21 de abril de 2014

Regreso a Macondo



Macondo reverberaba bajo el calor de las tres. En los tejados, los alcaravanes habían empezado a cantar mientras el pueblo, en lenta romería, acudía a la vieja estación del tren.
   —¿Qué pasa? —preguntó Catarino, el de la tienda.
   —Esperan a Gabo.
   —¿A Gabo?
   —Sí —confirmó el alcalde—. Gabo ha emprendido su último viaje. Se ha marchado de su casa en México D.F. para venir a vivir aquí, a su pueblo mítico, a la ciudad de los espejos que alguna vez imaginó junto a un río de piedras blancas, como huevos prehistóricos.
   A la estación llegaban niños, hombres, mujeres, ancianos y hasta un perro de ojos azules.
   —¿Y por qué tantos?
   —La imaginación de Gabo era tan grande como el mismísimo Caribe.

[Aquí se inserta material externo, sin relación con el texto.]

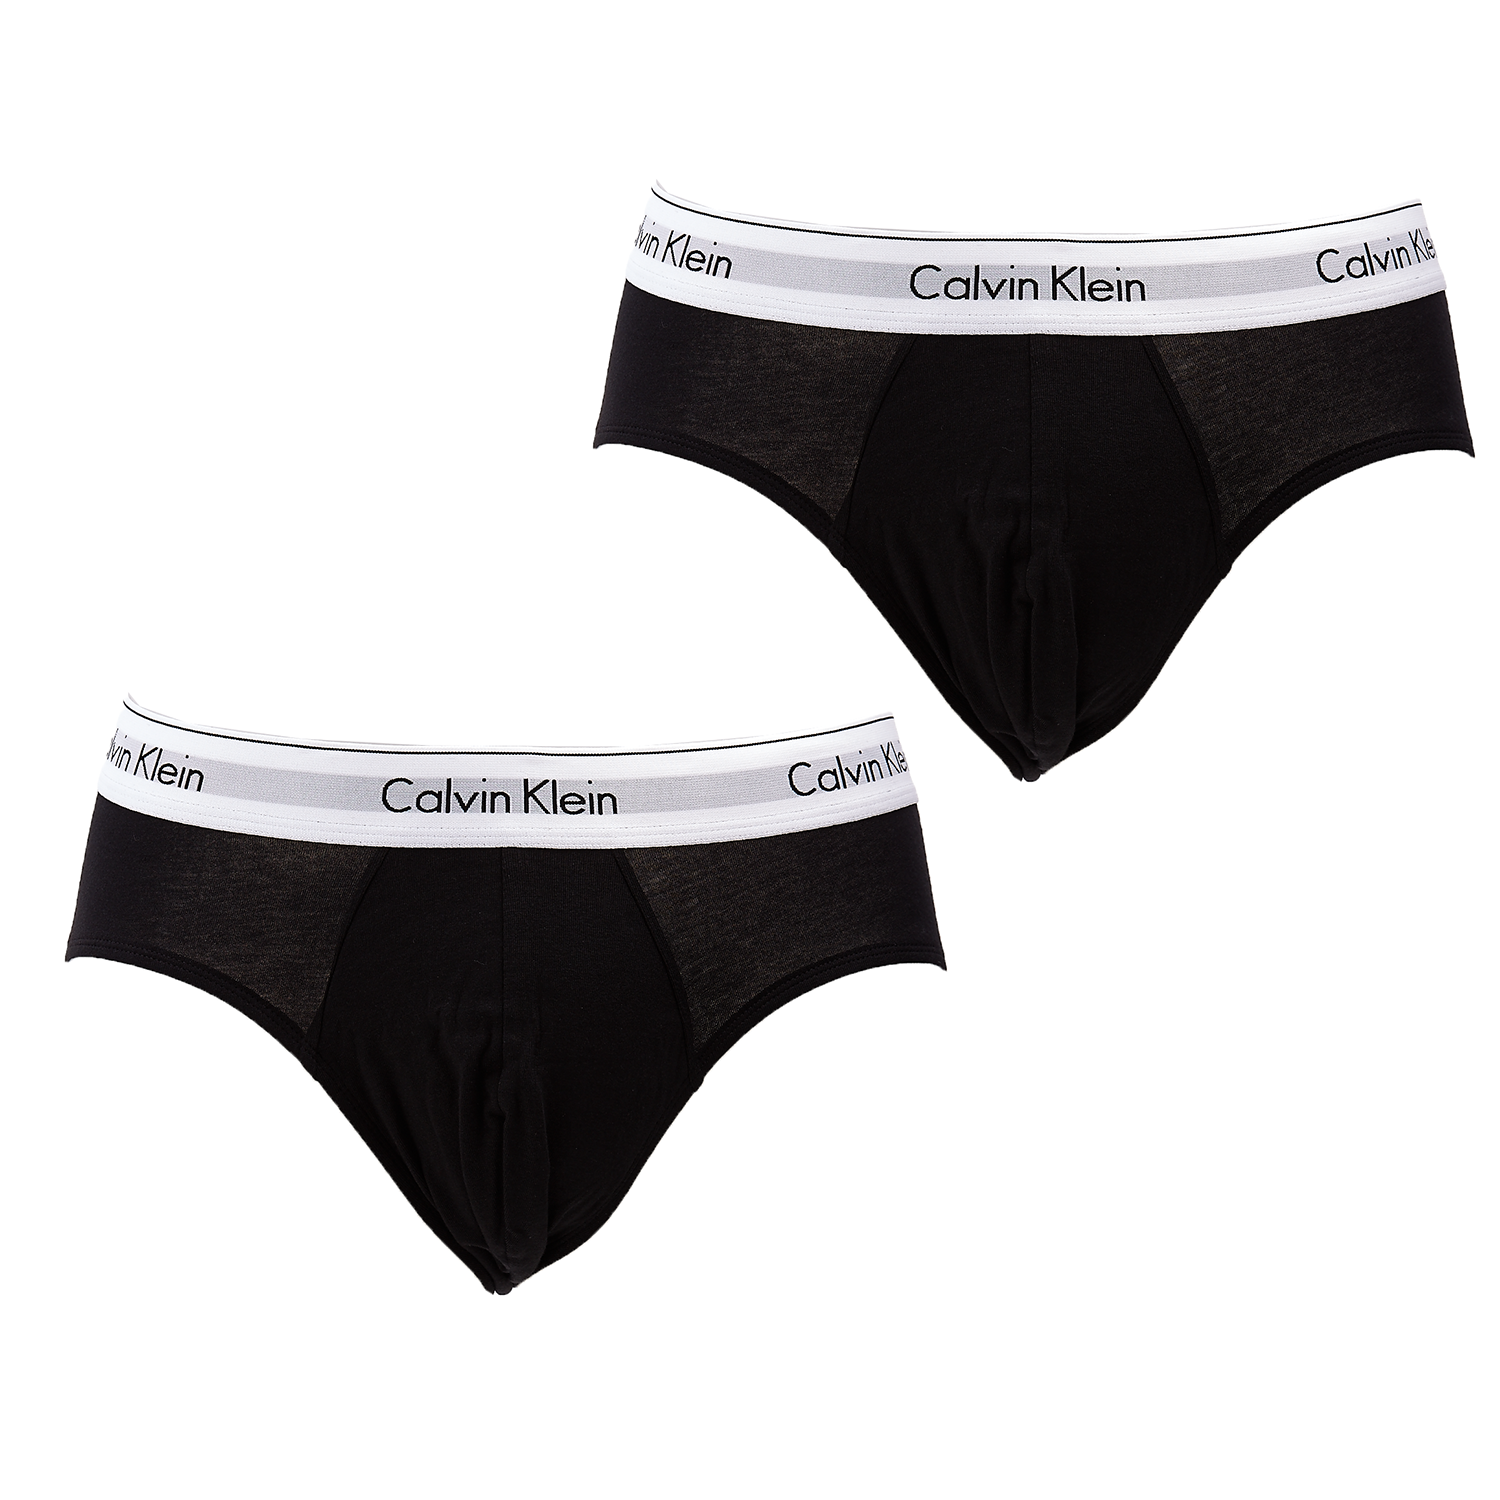 Ανδρικά/Ρούχα/Εσώρουχα/Σλίπ CK UNDERWEAR - Σετ σλιπ Calvin Klein μαύρα

Vea, por ejemplo, al grupo de la derecha: son los Buendía, desde el gran José Arcadio, patriarca de la estirpe, hasta el famoso cola de puerco, producto del amor entre Aureliano Babilonia y su tía Amaranta Úrsula.
   —¿Y ese anciano vestido de brujo?
   —Es Melquiades, el sabio, uno de los primeros gitanos que pisó el Caribe.
   —¿Y ese otro que va con un gallo bajo el brazo?
   —Es el coronel, que todavía no tiene quien le escriba. El gallo es lo único que le queda en la vida.
   —¿Y esa mulata de más allá?
   —Ah, ésa es la Cándida Eréndira y su abuela desalmada... La niña quemó la casa en donde vivían y la vieja, desde entonces, la obliga a prostituirse hasta que la deuda esté saldada.
   —¿Y aquel general con el pecho lleno de medallas?
   —Es el patriarca disfrutando de su otoño. Ha muerto dos veces y aún sigue al frente de la patria.
   —¿Y ese muchacho tan elegante?
   —Es Santiago Nasar. Su muerte, según dicen, ya está anunciada.
   —¿Y aquella pareja de ancianos?
   —Florentino Ariza y Fermina Daza. Vienen de los tiempos del cólera. Los ha traído un barco que ha estado viajando durante décadas entre Cartagena y La Dorada.
   De pronto, un vagón silencioso arribó a la estación. En el andén descendió un anciano pequeño, con algo de panza, y cuya sonrisa era tan inmensa que resplandecía a kilómetros. Llevaba un pantalón de lino blanco, una camisa guayabera y un sombrero vueltiao. A cada paso iba dejando una estela de mariposas amarillas revoloteando en el aire. Era Gabo.
   Todos salieron a abrazarlo. La voz de Francisco El Hombre, quien derrotó al Diablo en un duelo mítico de acordeón, entonó canciones de los primeros tiempos.
   —¿Y por qué ha venido a Macondo? —insistió Catarino.
   —Es la única manera de que siga viviendo —respondió el alcalde—. Es el único remedio contra el olvido. A partir de ahora, habitará por los siglos de los siglos en las páginas de sus libros, como un personaje más, como usted o como yo, pues ni siquiera los escritores de su fama, condenados o no a cien años de soledad, tienen una segunda oportunidad sobre la Tierra.